**What is being asked**
All lines from the one holding "Are You planning" to the end of the listing are to be output exactly, both ends included, with any pictures left out.

**Data**
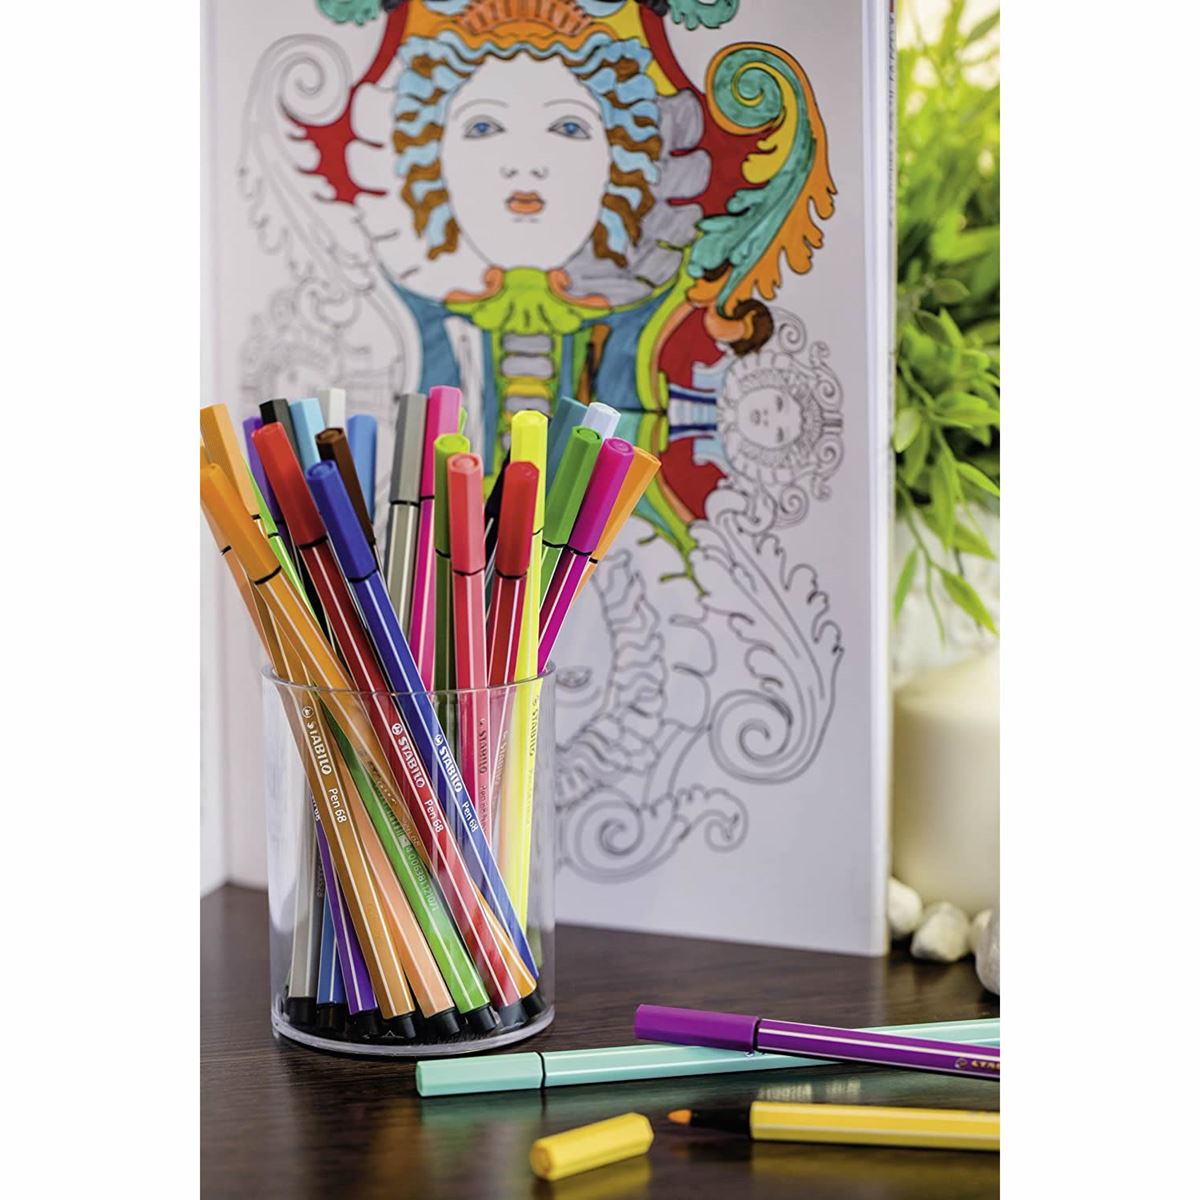 Premium Fibre-tip Pen STABILO Pen 68 Coloured Pens Various Pack Sizes and  Colours School Revision Stationery Colouring Art Stationery 
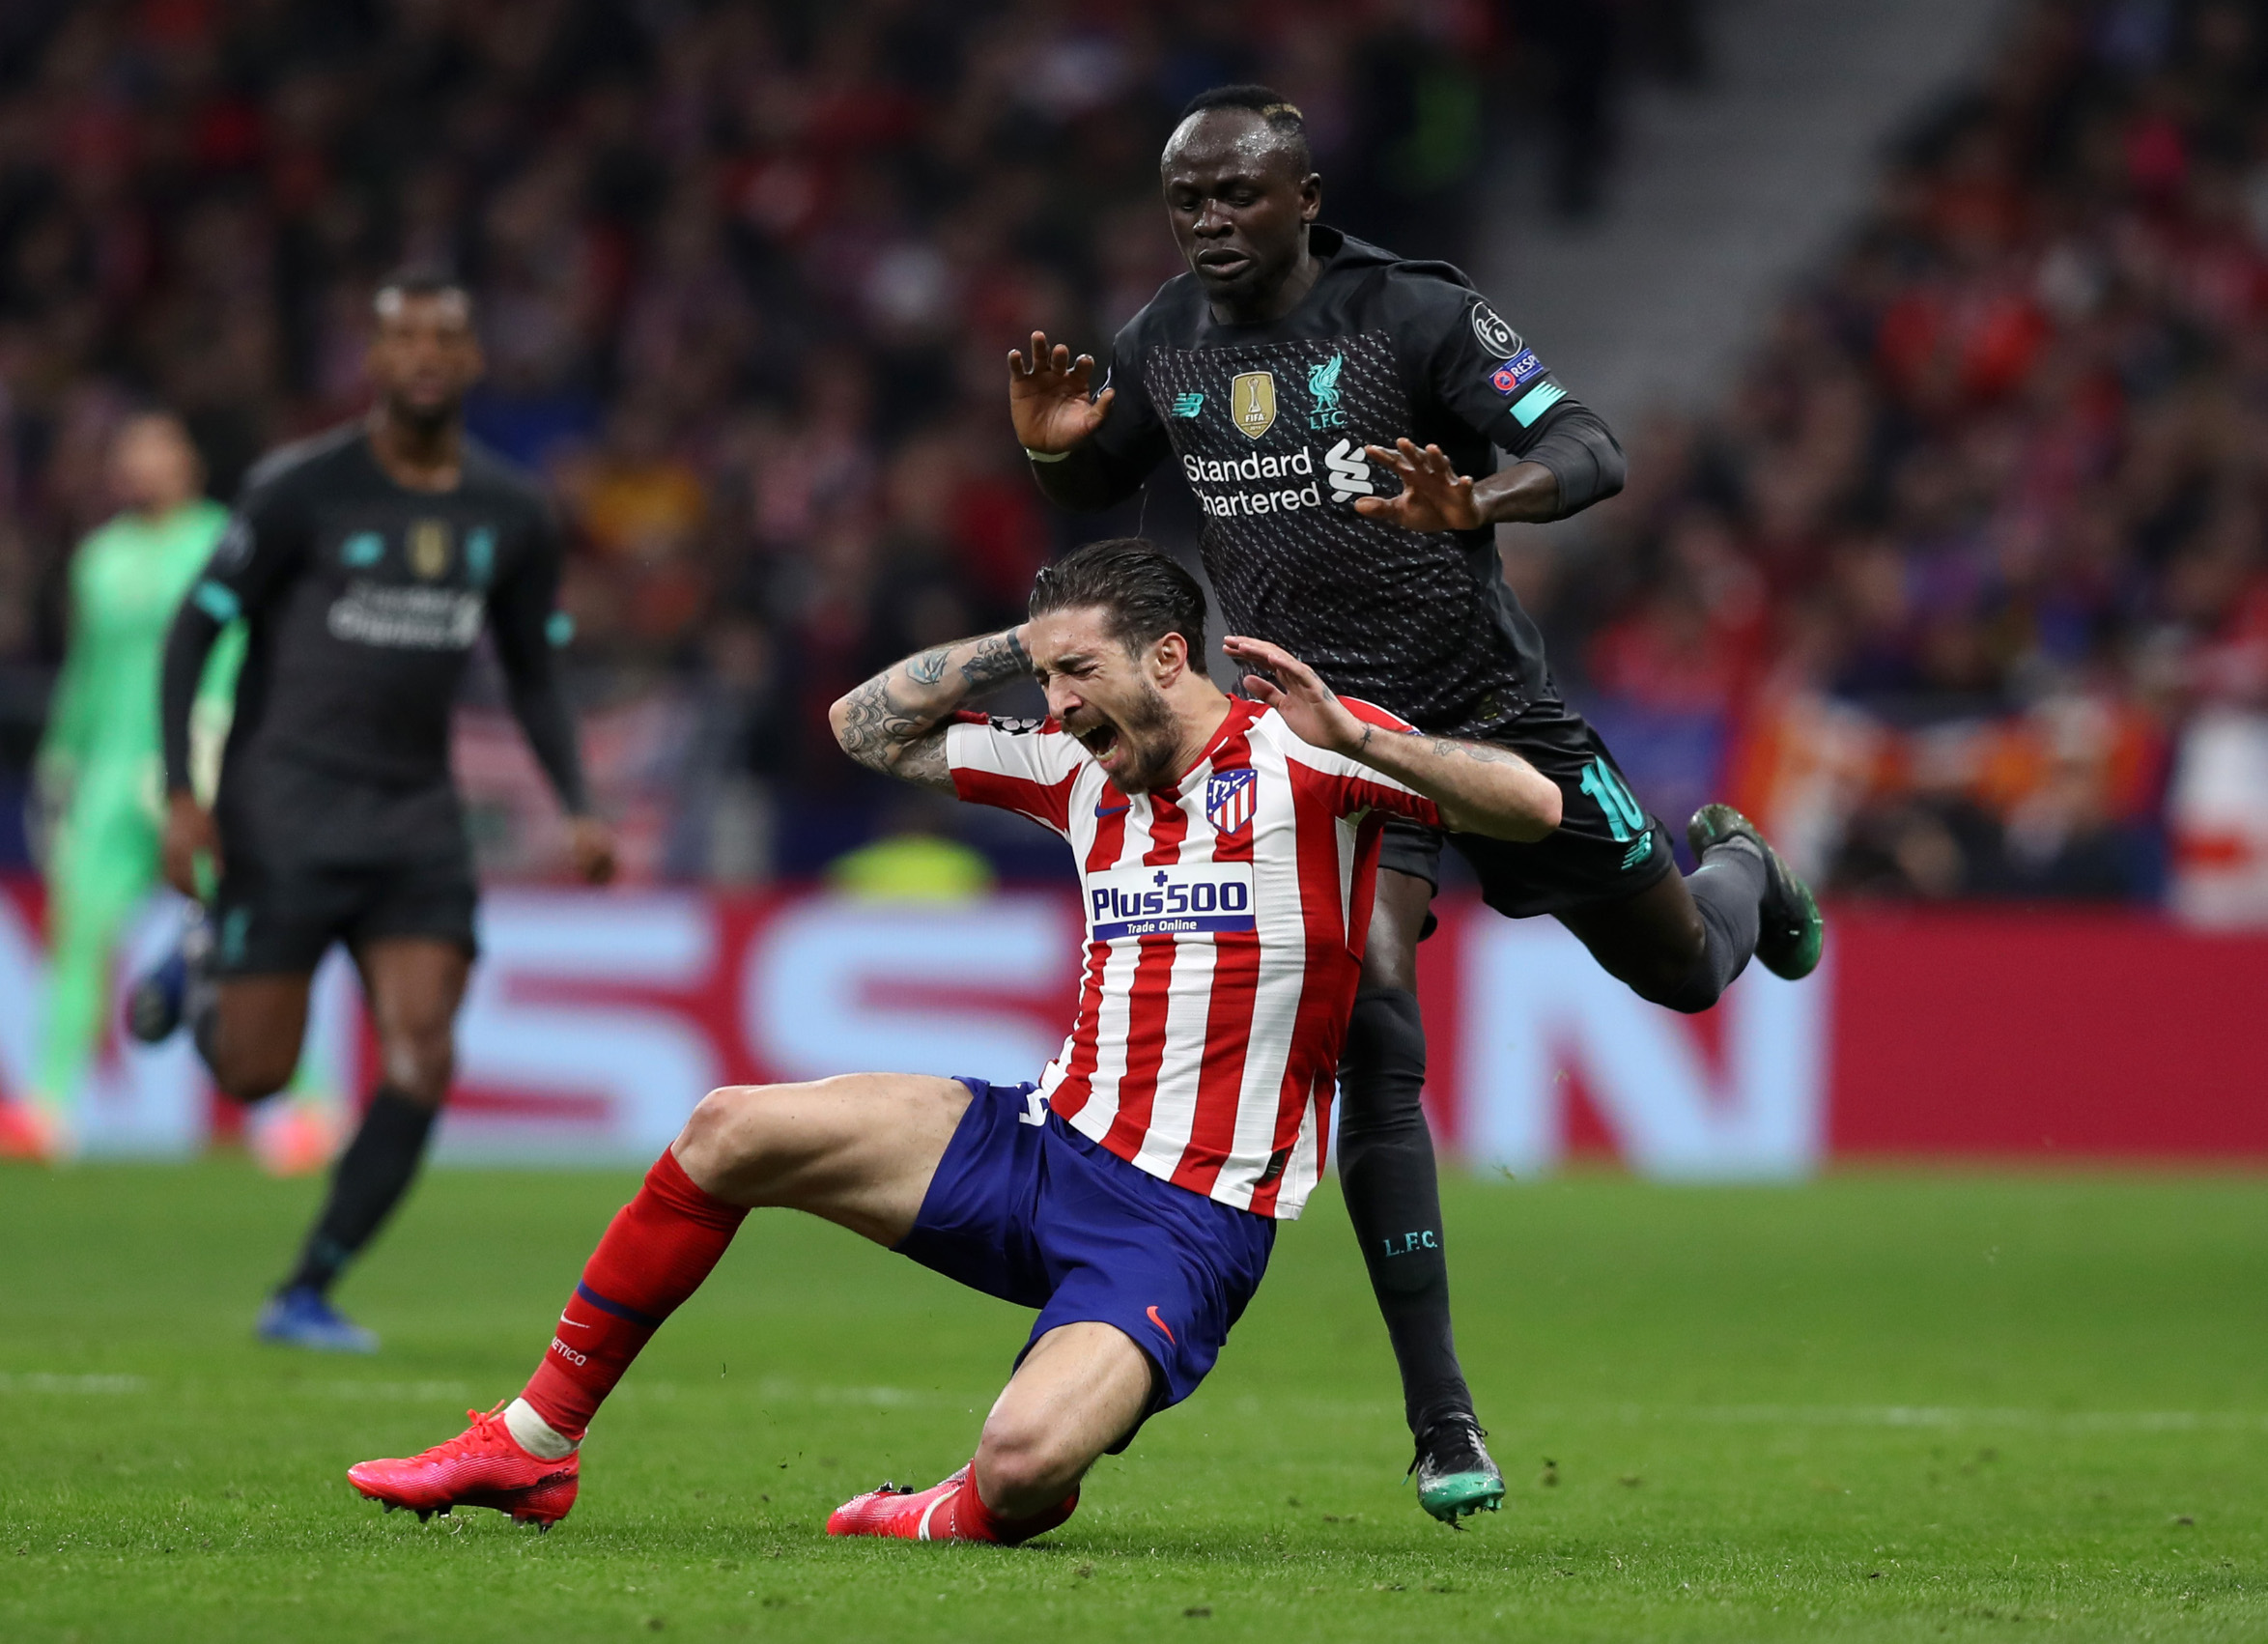 MADRID, SPAIN - FEBRUARY 18: Sime Vrsaljko of Atletico Madrid is challenged by Sadio Mane of Liverpool during the UEFA Champions League round of 16 first leg match between Atletico Madrid and Liverpool FC at Wanda Metropolitano on February 18, 2020 in Madrid, Spain. (Photo by Angel Martinez/Getty Images)
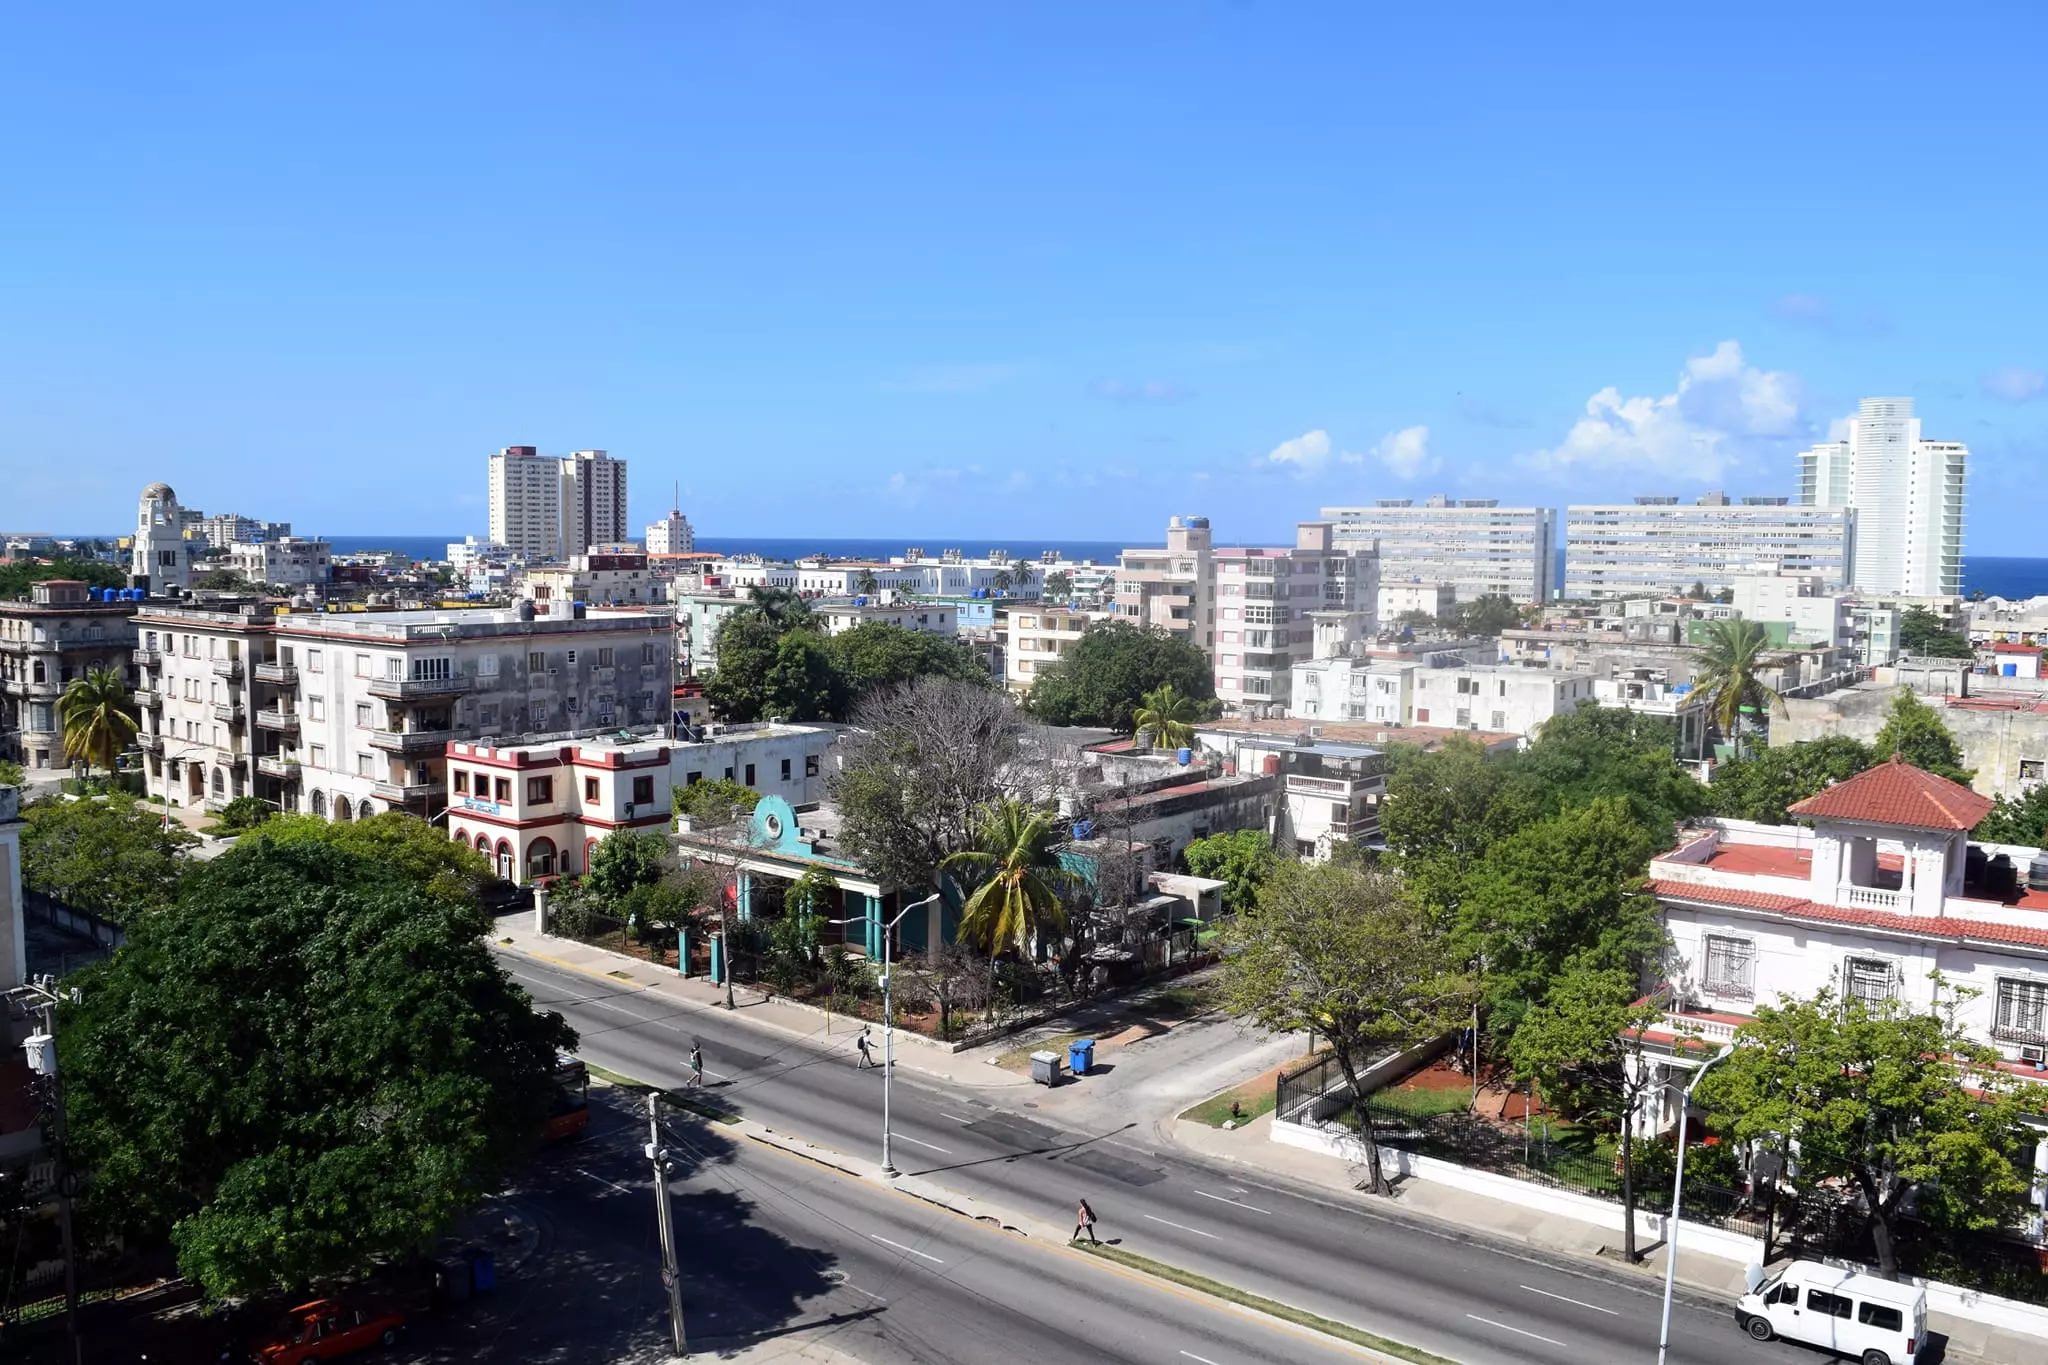 Are You planning a trip to Havana,Cuba? We have a nice renthal
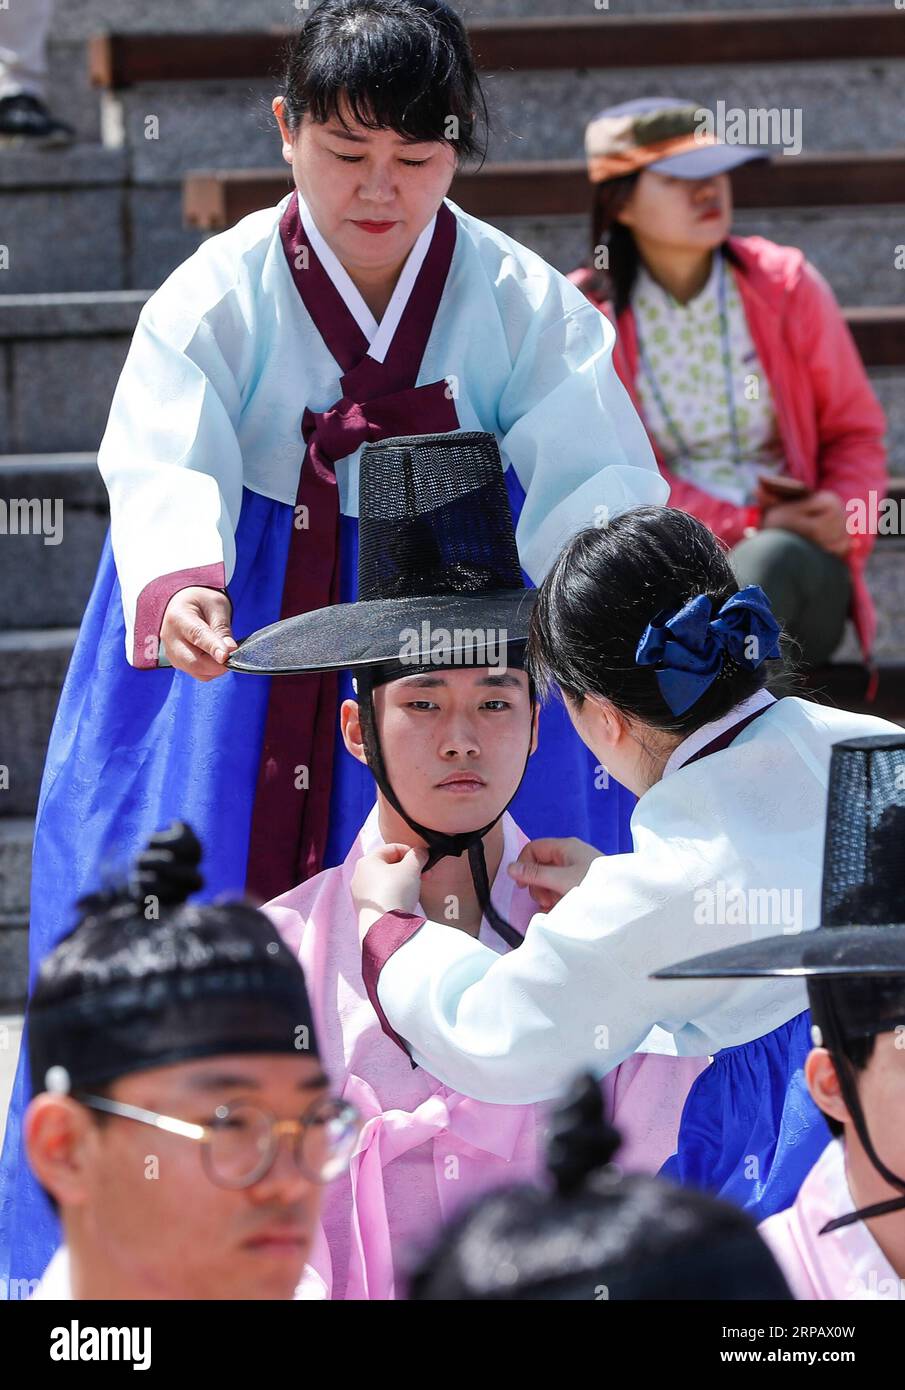 (190520) -- SEOUL, May 20, 2019 (Xinhua) -- A student wearing traditional Korean costume attends a coming-of-age ceremony in Seoul, capital of South Korea, May 20, 2019. (Xinhua/Wang Jingqiang) SOUTH KOREA-SEOUL-COMING-OF-AGE CEREMONY PUBLICATIONxNOTxINxCHN Stock Photo

**Reply**
 Are You planning a trip to Havana,Cuba? We have a nice renthal
 (190520) -- SEOUL, May 20, 2019 (Xinhua) -- A student wearing traditional Korean costume attends a coming-of-age ceremony in Seoul, capital of South Korea, May 20, 2019. (Xinhua/Wang Jingqiang) SOUTH KOREA-SEOUL-COMING-OF-AGE CEREMONY PUBLICATIONxNOTxINxCHN Stock Photo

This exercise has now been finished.